Supplied data:

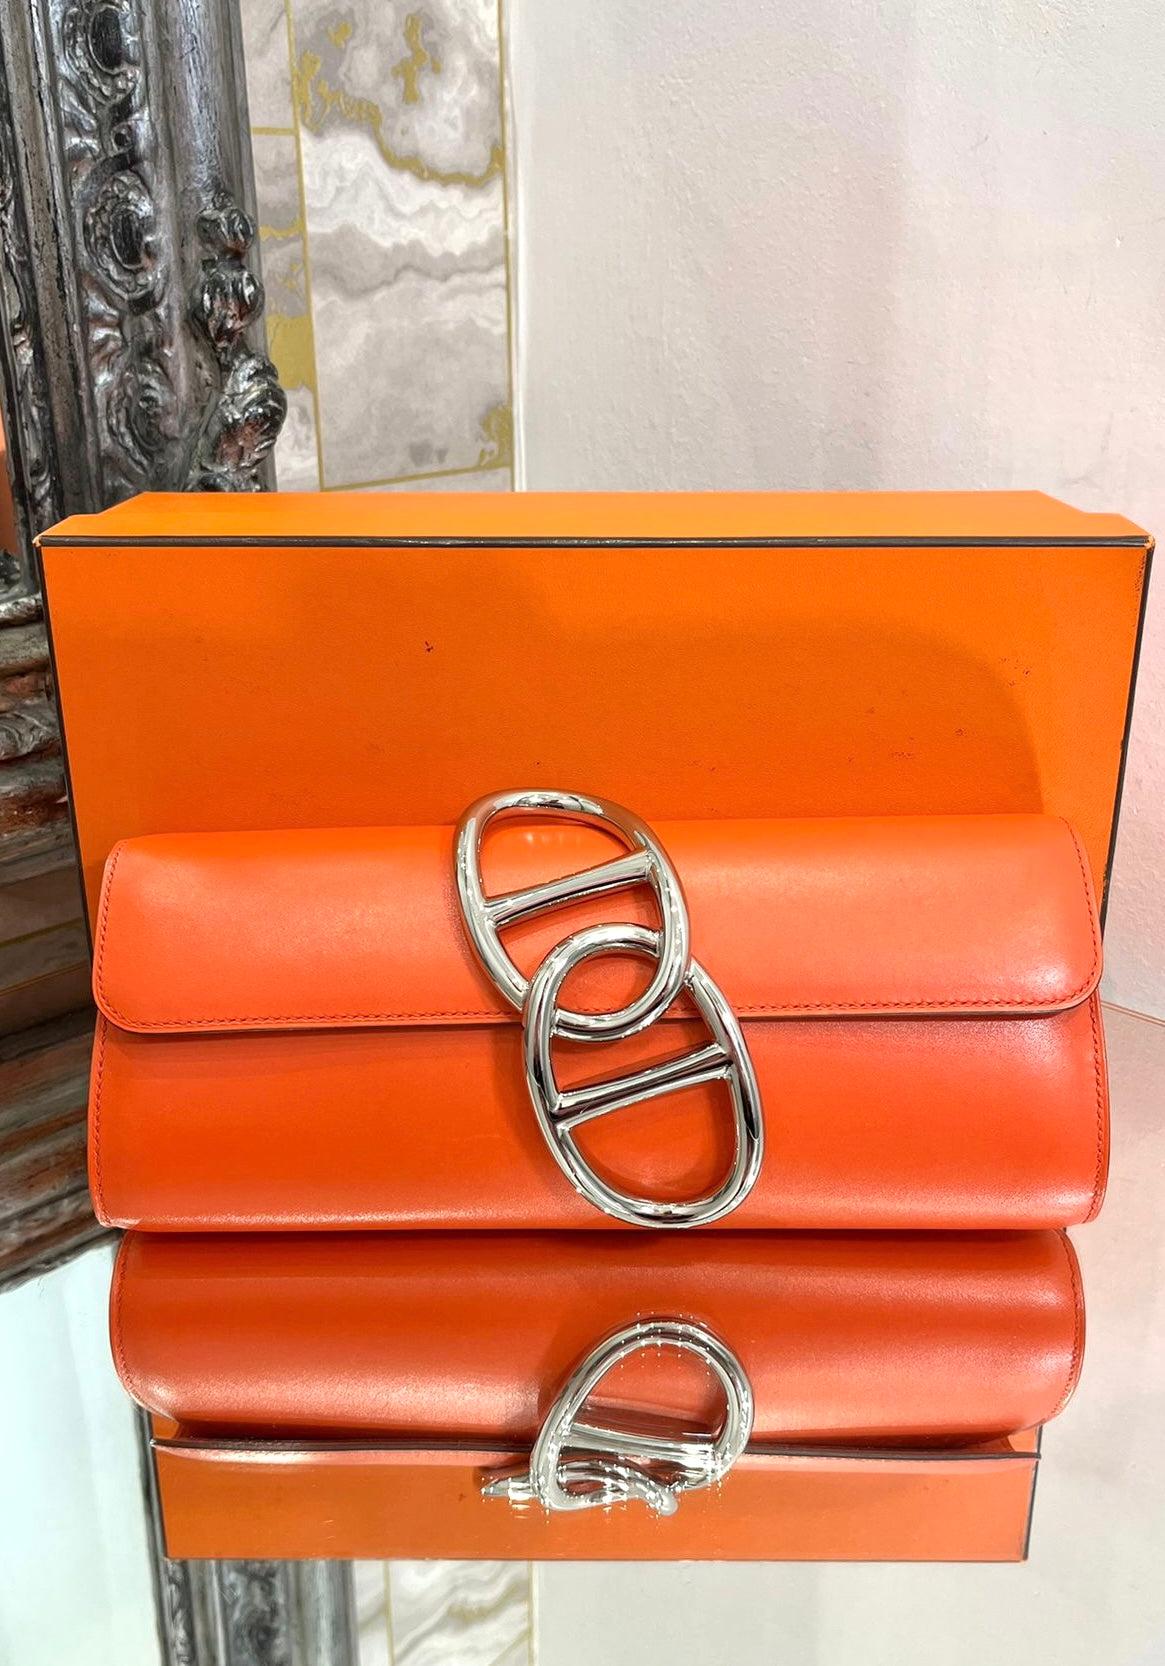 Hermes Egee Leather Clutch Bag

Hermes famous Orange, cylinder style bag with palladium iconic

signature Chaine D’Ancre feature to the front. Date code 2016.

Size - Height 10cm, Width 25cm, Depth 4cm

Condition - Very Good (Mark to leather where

What this task involves: Reproduce all the records verbatim, excluding images.

Worked solution:
 Hermes Egee Leather Clutch Bag

Hermes famous Orange, cylinder style bag with palladium iconic

signature Chaine D’Ancre feature to the front. Date code 2016.

Size - Height 10cm, Width 25cm, Depth 4cm

Condition - Very Good (Mark to leather where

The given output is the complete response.